Fri Jul 21 09:05:50 UTC 2006

Daniel Hartmeier wrote:
> On Fri, Jul 21, 2006 at 02:05:45AM +0200, Max Laier wrote:
> 
> > Which proxies are you using?  The "pool_ticket: 1429 != 1430" messages you 
> > quote below indicate a synchronization problem within the app talking to pf 
> > via ioctl's.  Tickets are used to ensure atomic commits for operations that 
> > require more than one ioctl.  If your proxy app runs in parallel it might 
> > screw up the internal state and thus leave it undefined afterwards.  I give 
> > you that this shouldn't cause a kernel problem, but if we could fix the app 
> > we can probably find the right sanity check more easily.
> 
> This looks like a bug in pf_ioctl.c pfioctl() DIOCCHANGERULE
> 
>                         if (((((newrule->action == PF_NAT) ||
>                             (newrule->action == PF_RDR) ||
>                             (newrule->action == PF_BINAT) ||
>                             (newrule->rt > PF_FASTROUTE)) &&
> -                           !pcr->anchor[0])) &&
> +                           !newrule->anchor)) &&
>                             (TAILQ_FIRST(&newrule->rpool.list) == NULL))
>                                 error = EINVAL;
> 
> i.e. the pool must not be empty for routing and translation rules,
> except for translation rules that are actually anchor _calls_.
> 
> The confusion is between translation rules within anchors
> (pcr->anchor[0] != '\0') and calls to anchors' translation rules
> (rule->anchor != NULL).
> 
> If the proxy is using DIOCCHANGERULE (it must be the proxy, pfctl isn't
> using it at all), AND is trying to add/update a rule that requires at
> least one replacement address but contains an empty list, then this
> would cause the panic seen when that rule later matches a packet.
> 
> This needs fixing in OpenBSD as well.
> 
> Michal, can you please confirm that the patch above fixes the panic?
> The proxy will still misbehave and cause the log messages (one more
> EINVAL in this case ;), but the kernel shouldn't crash anymore.
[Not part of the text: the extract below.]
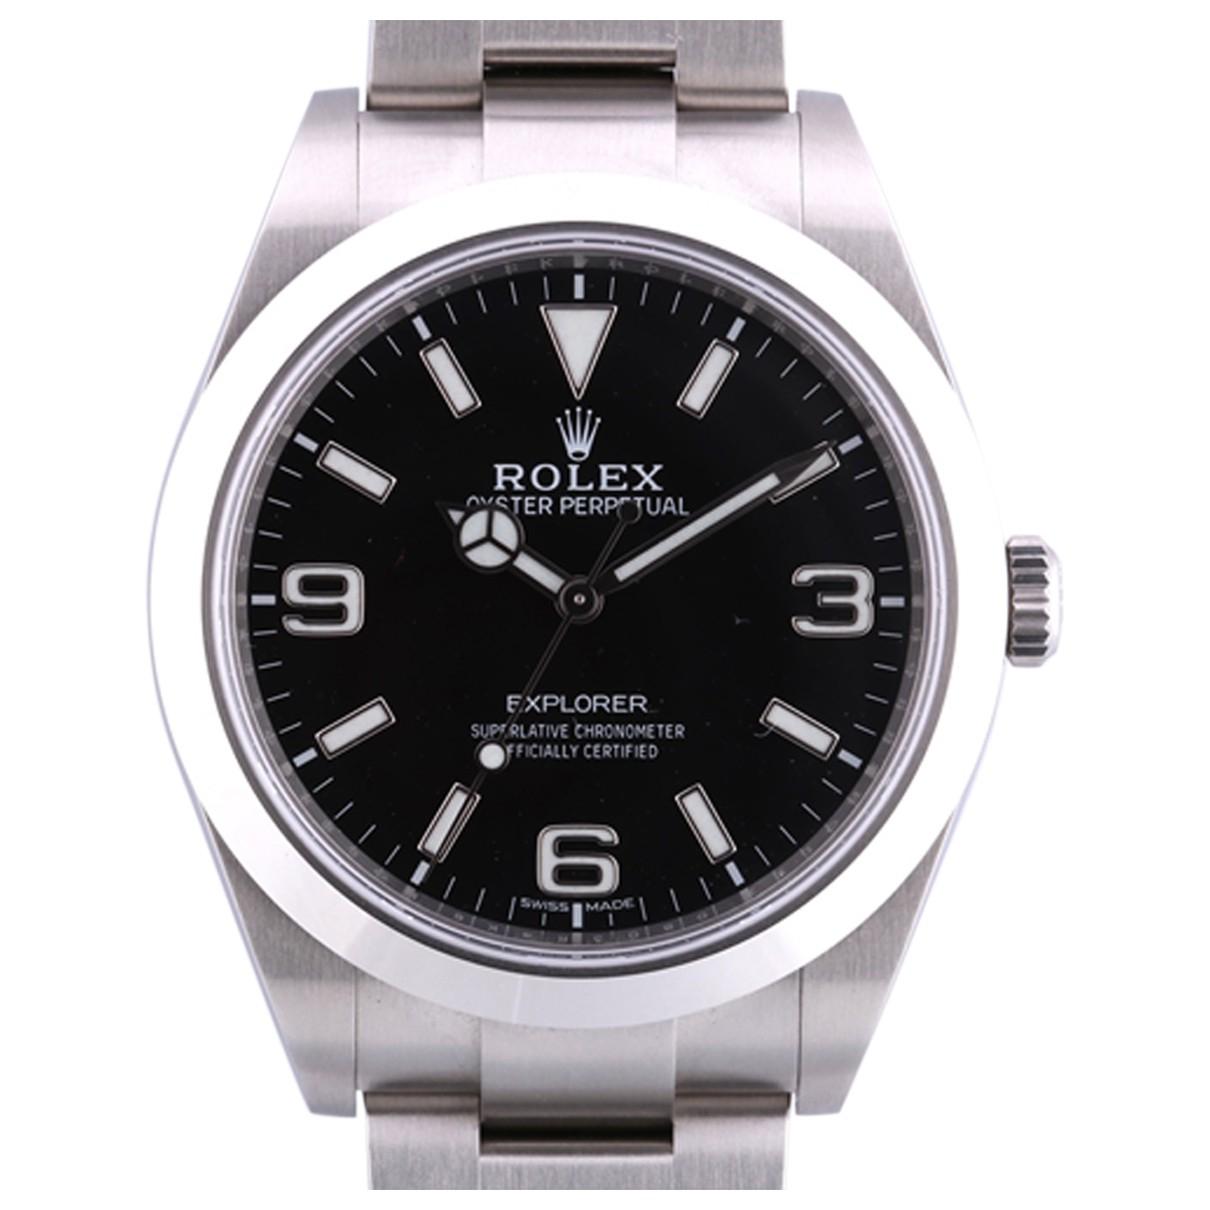 Rolex Explorer 39mm Uhr in  Schwarz Stahl

I am afraid I can't test it at the moment. I am going to get one of the
machines to my lab and will experiment with it there. I am afraid I will
have problems generating enough traffic for the problem to appear but I
will try.

> Thanks for the excellent bug report!

Thank you. I don't think is was that good as I now see that you had to
guess there are anchors used.

The rules look like this (except the rules seen by 'pfctl -s nat' they
are generated by the proxies when they start):

fw1#pfctl -s rule
fw1#pfctl -s nat
nat-anchor "/kernun/*" all
rdr-anchor "/kernun/*" all
fw1#pfctl -s Anchors -v
  kernun
  kernun/4026
  kernun/4039
  kernun/4088
  kernun/4112
  kernun/4134
  kernun/4164
  kernun/4197
  kernun/4257
  kernun/4296
  kernun/4338
  kernun/4383
  kernun/4431
  kernun/4482
  kernun/4590
  kernun/4649
fw1# pfctl -a kernun/4039 -s nat
rdr on em0 inet proto tcp from any to any port = http label "HTTP" ->
127.0.0.1

When the system was under load I saw ~5000 states in 'pfctl -s state'.

Thank you again. I will let you know when I get a chance to test your
patch and or find out anything new.

Michal